Tesseract OCR, FOSS from the 90's
This Open Source project has been around since the 90's. And is still being improved.
https://github.com/tesseract-ocr/tesseract
It's a libary used to extract text from images and PDFs. And is the backbone of many OCR apps.
Take Kyocera Print Center's OCR option as an example.... yup that's Tesseract:
Paperless-ngx, how I use Tesseract
The Paperless project: https://docs.paperless-ngx.com/ uses Tesseract to process paper into readable and searchable text.

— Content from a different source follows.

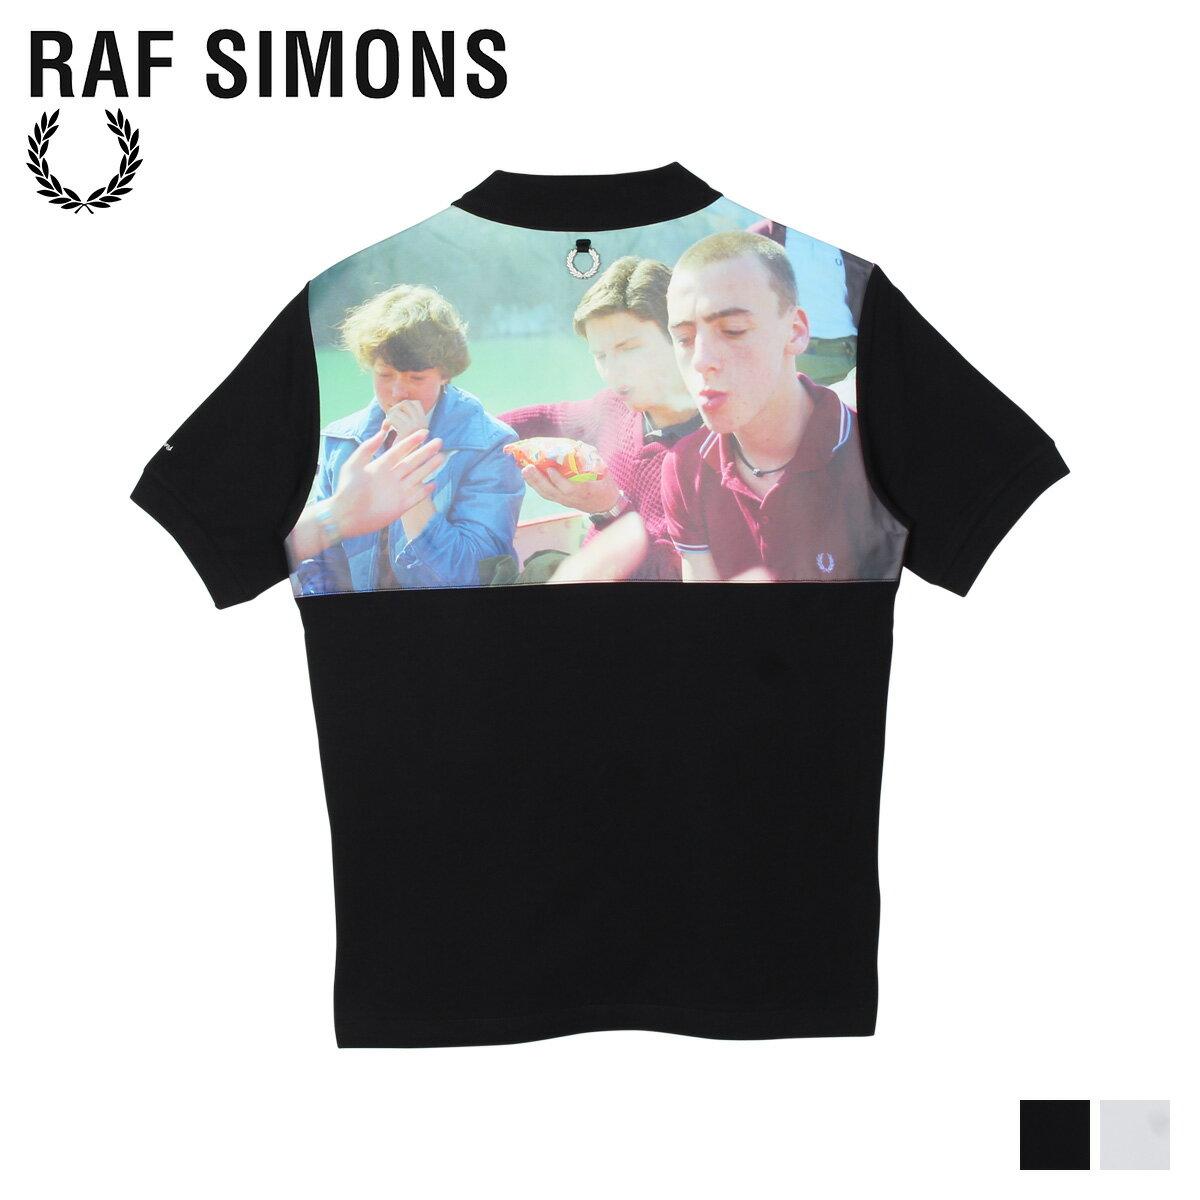 メンズウェア, ポロシャツ  FRED PERRY RAF SIMONS YOKE PRINT POLO SM8127

It does a really good job on everything except handwriting.
Aside from just "extraction" of text. Paperless puts the text on the PDF, so you can just search/copy/paste:
Let's compare to Google & Microsoft
SharePoint does auto OCR on images but not on PDFS. And it is not visible in a ready made way. So I've converted my plain PDF to png (an image) and uploaded it to SharePoint. And to be able to view the "MetaData" I've used PowerApps to make the "Extracted Text" visible:
BLAH!
Google did better, but there's no way to make a searchable PDF:
AI will beat them all.... but it's not FOSS
I decided to try Gemini's "extract text feature".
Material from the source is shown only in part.